След в след. Мне ли не пожалеть. До и во время — страница 114 из 140

Бальменова в самом деле собиралась действовать медленно и кропотливо, понимала, что иначе можно всё погубить. Она любила себе представлять, что она, как какая-нибудь молоденькая монашка в отдаленном монастыре, узел за узлом плетет в келье кружева этого союза. Жизнь впереди долгая, и спешить ей некуда.

Но правдой было и то, что, предлагая приступить к работе со скопцами, Бальменова сначала не сомневалась в быстром успехе. Простота отношений между ними и Лептаговым обманывала ее. Ее обманывал и сам хор.

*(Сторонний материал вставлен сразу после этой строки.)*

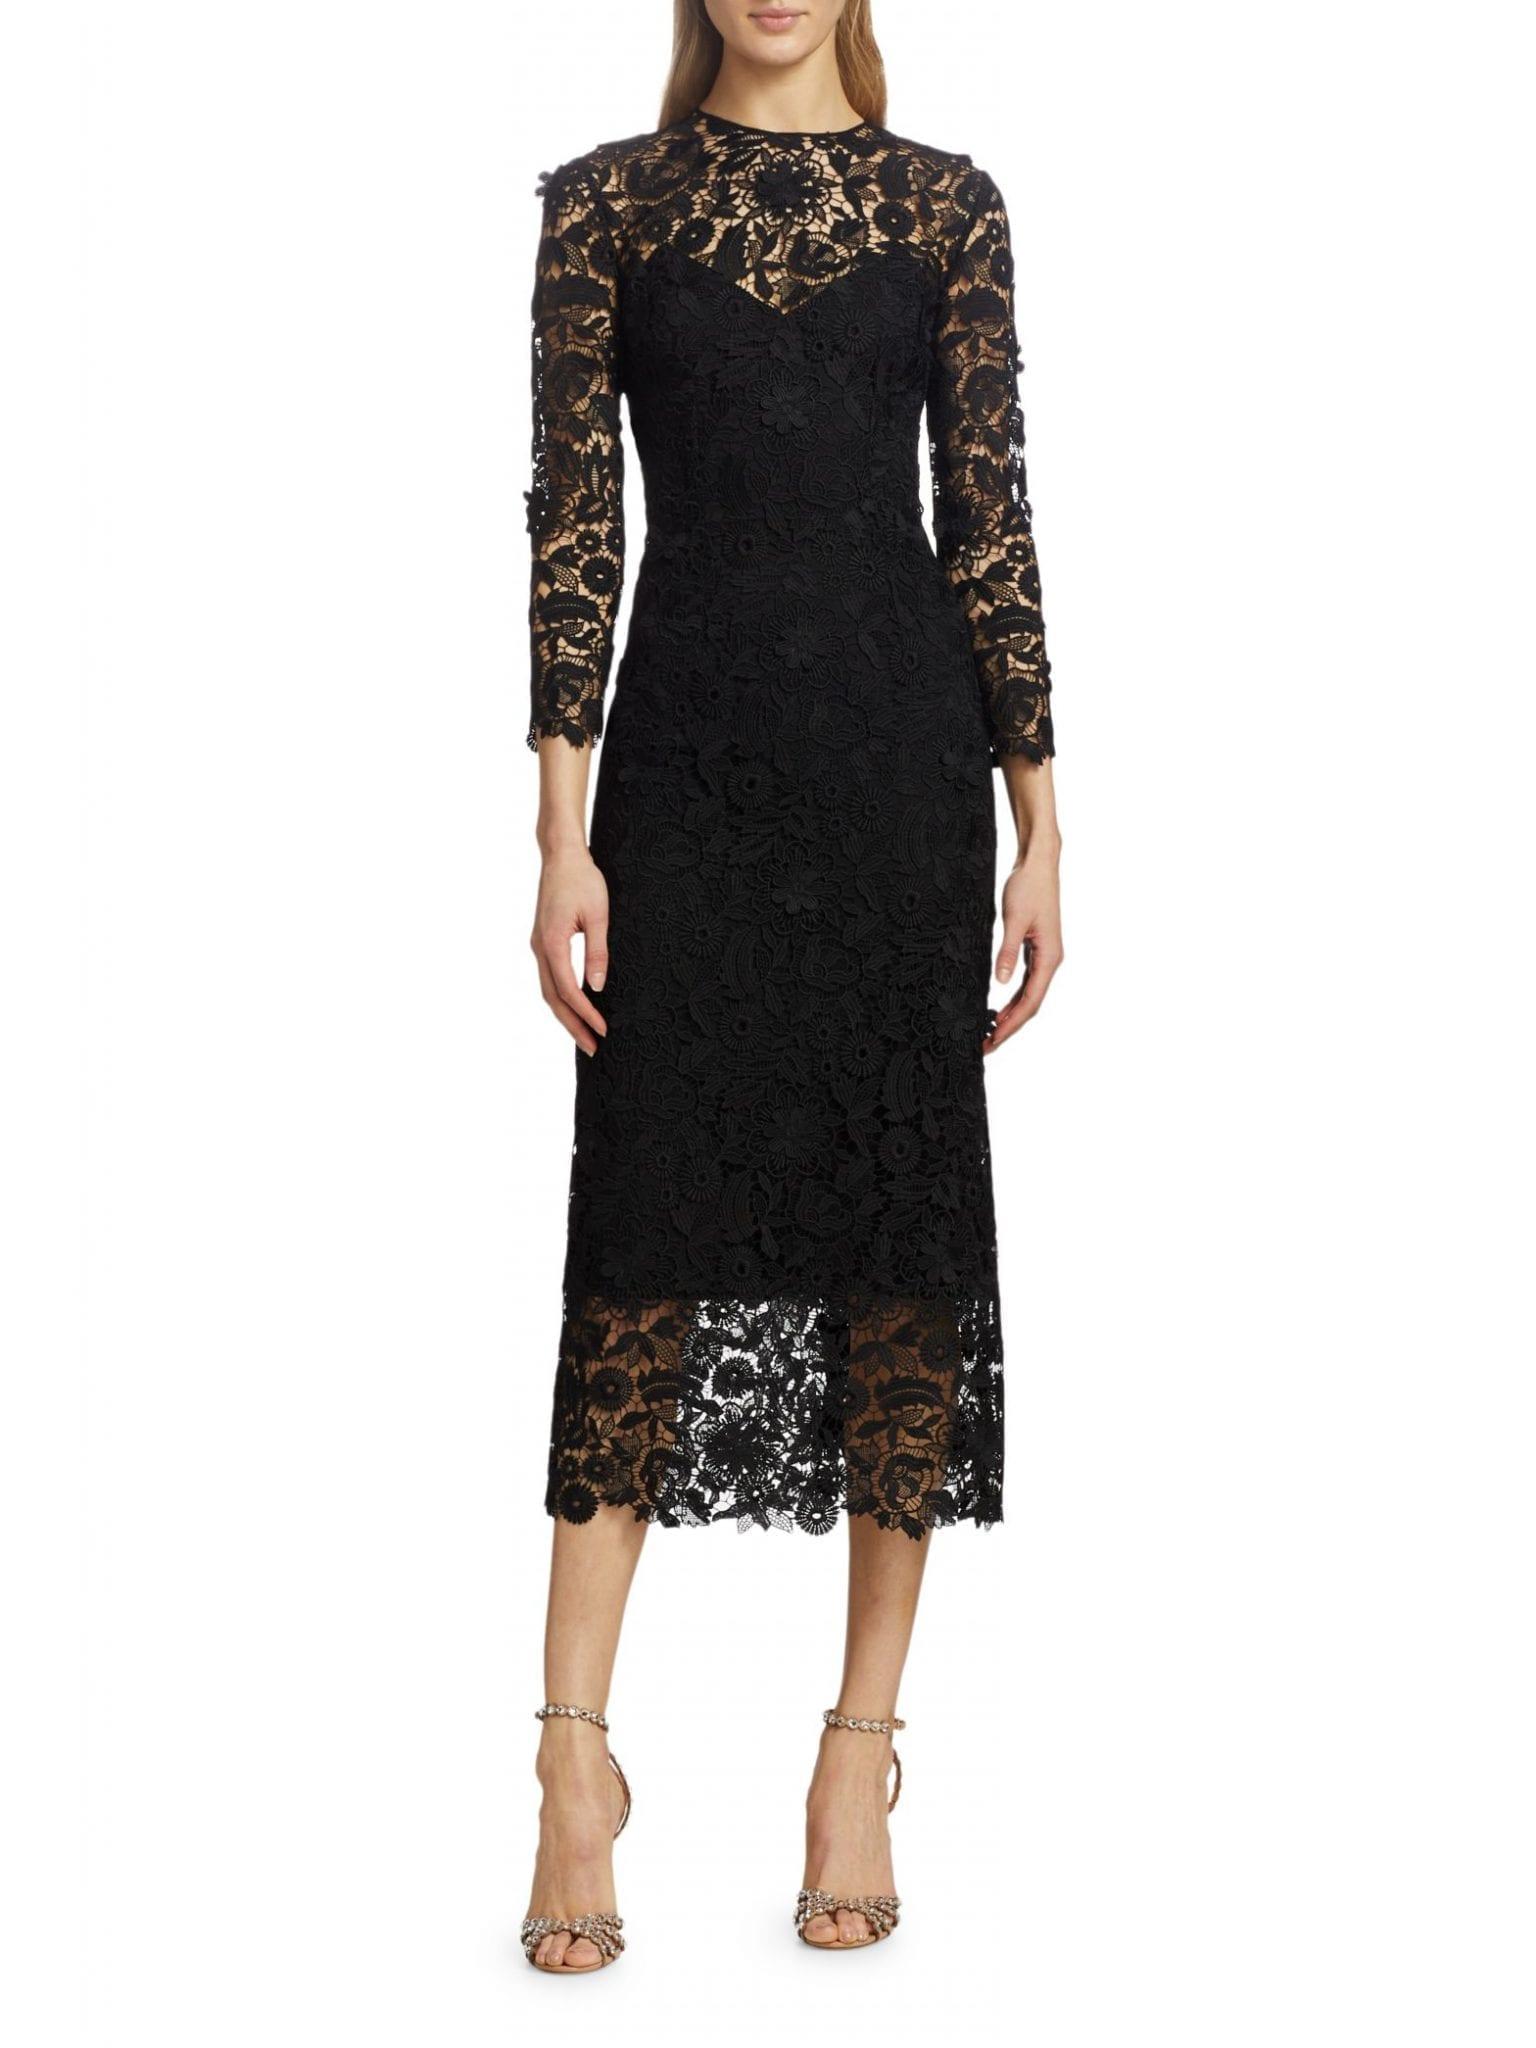 CAROLINA HERRERA Floral Lace Sheath Dress

Там скопцы совершенно естественно сотрудничали с эсерами, и когда она писала о том, каким образом можно наладить с ними отношения, она, в сущности, и описывала Лептаговский хор как модель, как образец. На спевках Лептагов с необыкновенной легкостью, во всяком случае на взгляд со стороны, добивался и сразу добился их полной открытости: когда они пели, у них не было тайн друг от друга, не было и не могло быть. Они несомненно были одним, и поэтому Бальменова думала, будто договориться со скопцами будет несложно, надо лишь, чтобы никто не подозревал другого в том, что тот хочет его подмять. Она понимала: чтобы раз и навсегда избавиться от подобного рода опасений, ей надо как-то выделиться из народников, занять место над схваткой, по возможности похожее на то, которое занимал Лептагов.

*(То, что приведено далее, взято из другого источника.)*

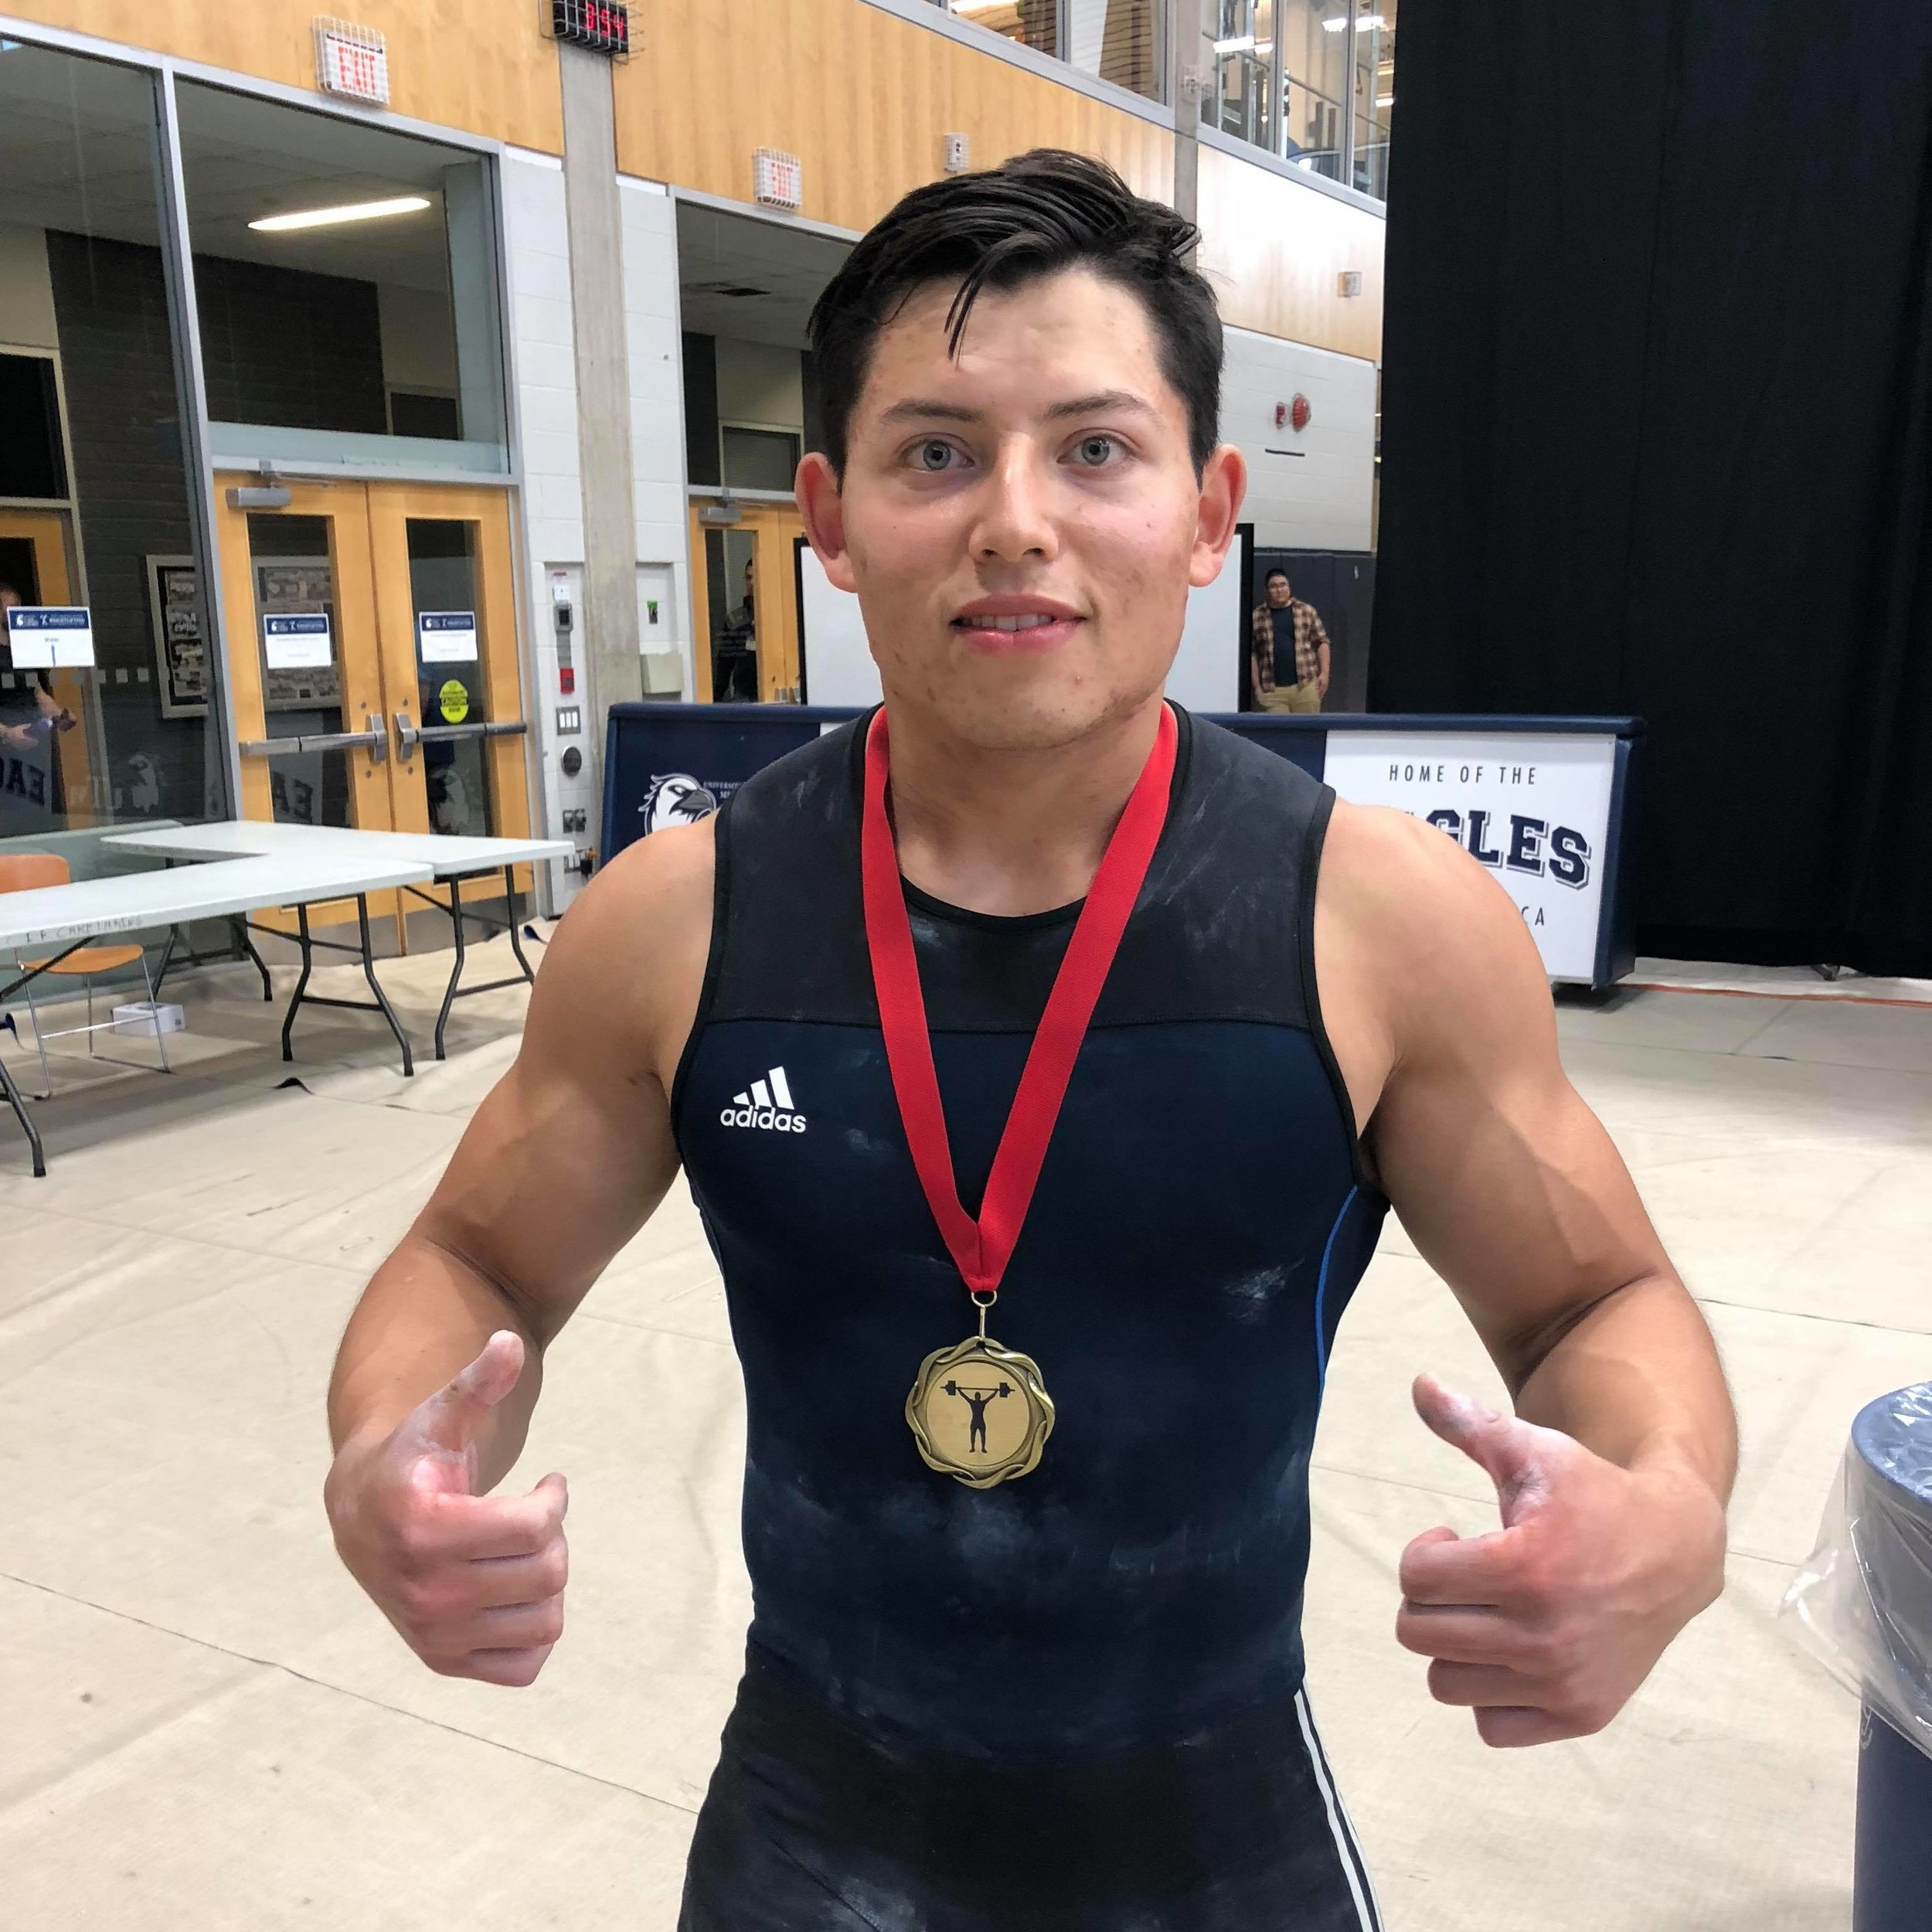 David Samayoa - Gold medal in 85kg class

План ее казался вполне выполнимым, и она, едва сняв собственный дом, принялась после репетиций зазывать скопцов к себе на чай. Увы, шел день за днем, но никто не приходил. Скопцы явно ни у кого об этом – можно ли и нужно ли к ней идти – не спрашивали, просто благодарили и отвечали «нет». Они не сговаривались, именно это ее и обескуражило, они просто не хотели идти к ней, быть с ней рядом. Она еще помнила лептаговские рассказы о том, как скопцы в Петербурге, когда он репетировал «Титаномахию», были доброжелательны и доступны, как охотно и сразу они согласились сотрудничать, и однажды после спевки в слезах побежала к нему жаловаться. Совсем еще ребенок, она добивалась от него, что ей теперь делать, пугала, что так она петь с ними больше не сможет: то они вместе, то – чужие, посторонние люди. Она была очень смешна, мила в своих обвинениях скопцов в непорядочности, неискренности, и Лептагов с радостью бы ей помог, то есть ему очень хотелось ей помочь, но как – он не знал.

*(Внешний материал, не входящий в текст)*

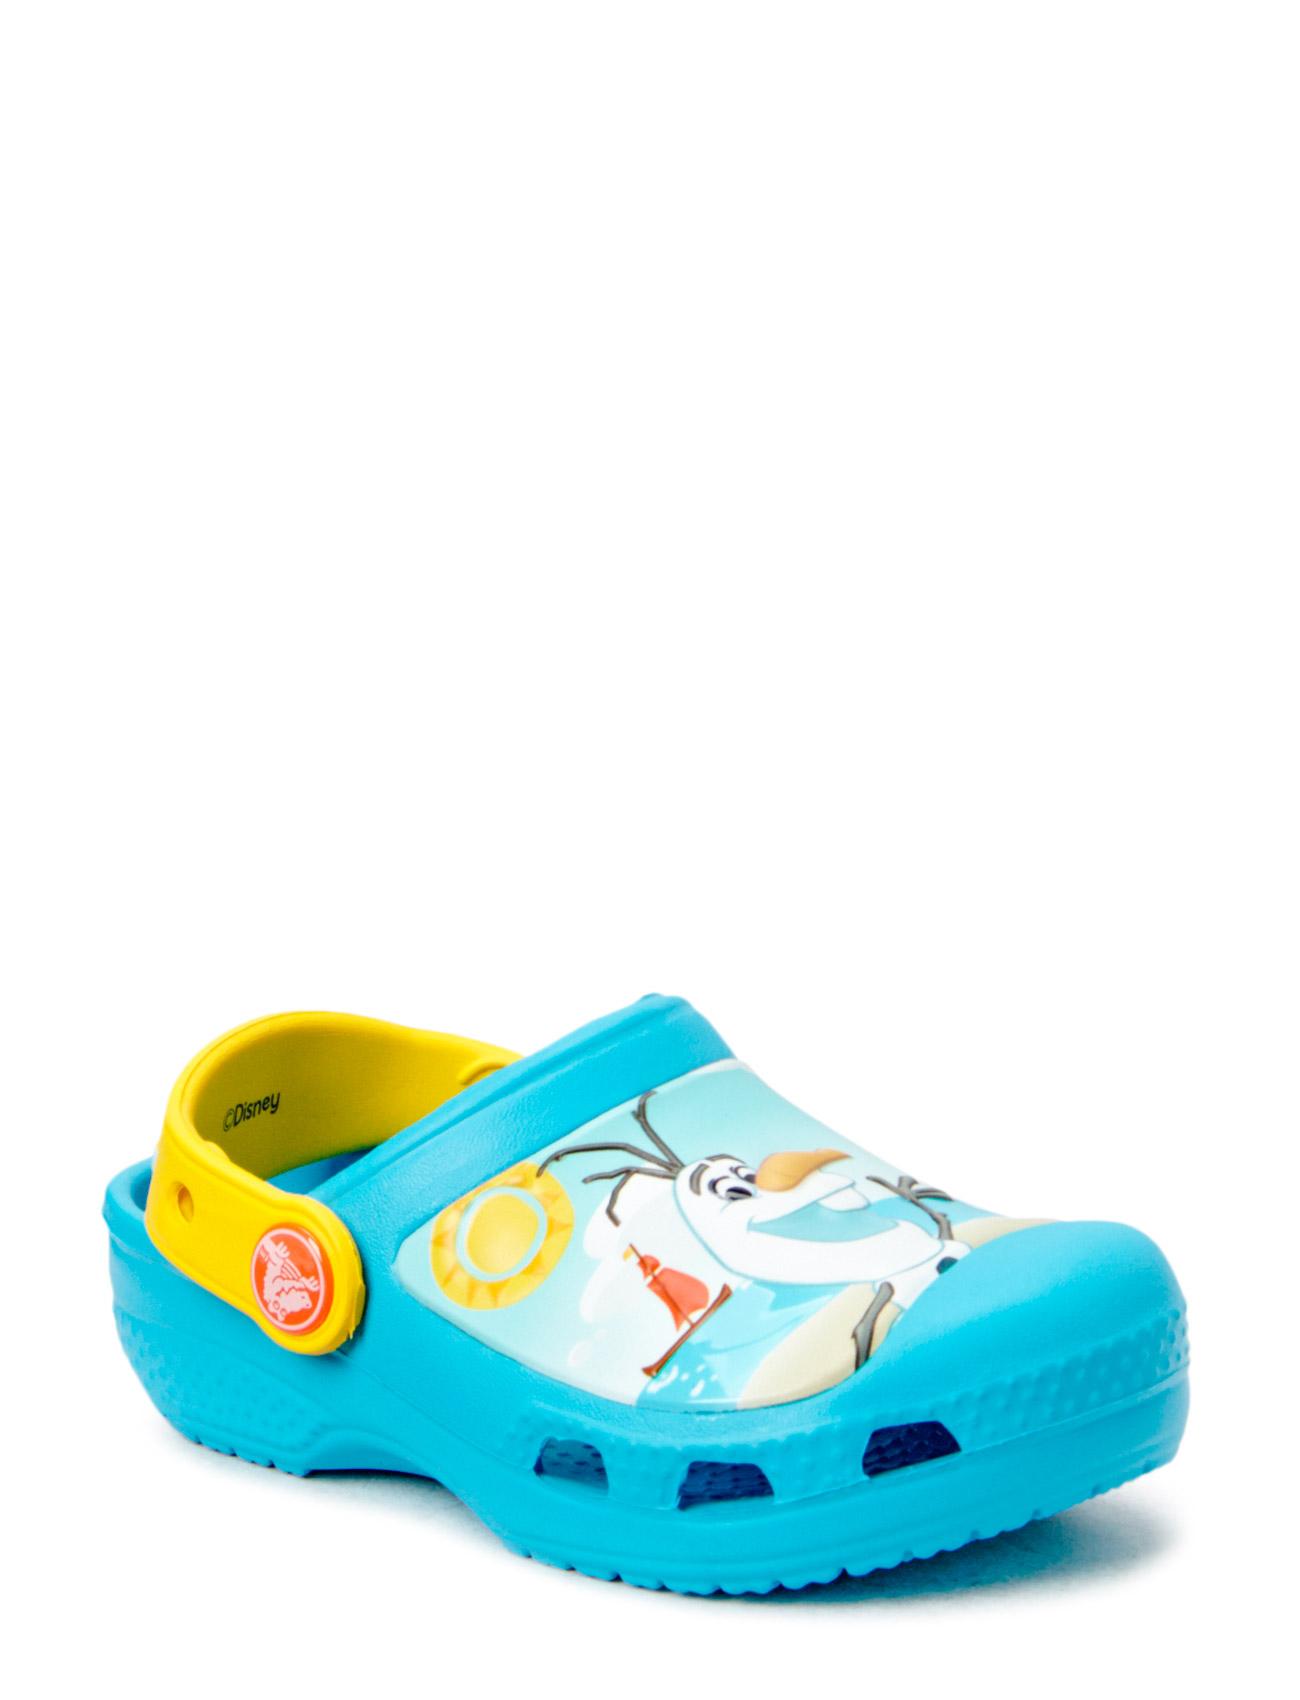 Creative Crocs Olaf Clog Crocs Sandaler til Børn i

В итоге он лишь долго ей объяснял, что за пределами репетиций власти у него над хором нет. Кроме того, положение скопцов и хлыстов за эти годы сильно изменилось, и, может быть, суть именно в этом, хотя он сомневается, что только в этом. В сущности, он пытался ей сказать то, что она знала и сама: они другие, совсем другие, и ему трудно себе представить, что скопцы и эсеры когда-нибудь смогут бороться вместе. Они настолько разные, что, чтобы через это переступить, одной ненависти мало. Потом он еще долго рассказывал ей, как три года назад сошелся со скопцами: корабли их тогда были разгромлены, деньги в богатых столичных общинах конфискованы, а многие сотни братьев сосланы в Сибирь на вечное поселение. В то время они совсем ослабели – и радовались каждому, кто бы их приветил. Но это в прошлом; они оказались народом очень деятельным, очень и очень. Никто от скопцов подобной прыти не ожидал, тем более правительство, ведь и трех лет не прошло, а кораблей плавает по матушке-Руси больше прежнего. Кто-то, конечно, им помог, но кто и как – что они так быстро поднялись? Правда, одна история, продолжал Лептагов, у всех на слуху.

Два года назад возник новый банк под названием «Ковчег». Учредили его четыре скопца, уже отбывшие наказание и за большую взятку выхлопотавшие разрешение вернуться в Петербург. Уставный фонд у банка был очень маленький, скопцы сумели наскрести лишь несколько тысяч рублей, и ни один серьезный человек не думал, что из этой затеи выйдет толк. Банки – вещь консервативная, пришлых там не любят. Но эти четыре скопца сделали гениальный ход: кроме совсем небольших денег, они внесли в уставный фонд и то, что некогда у себя отрезали.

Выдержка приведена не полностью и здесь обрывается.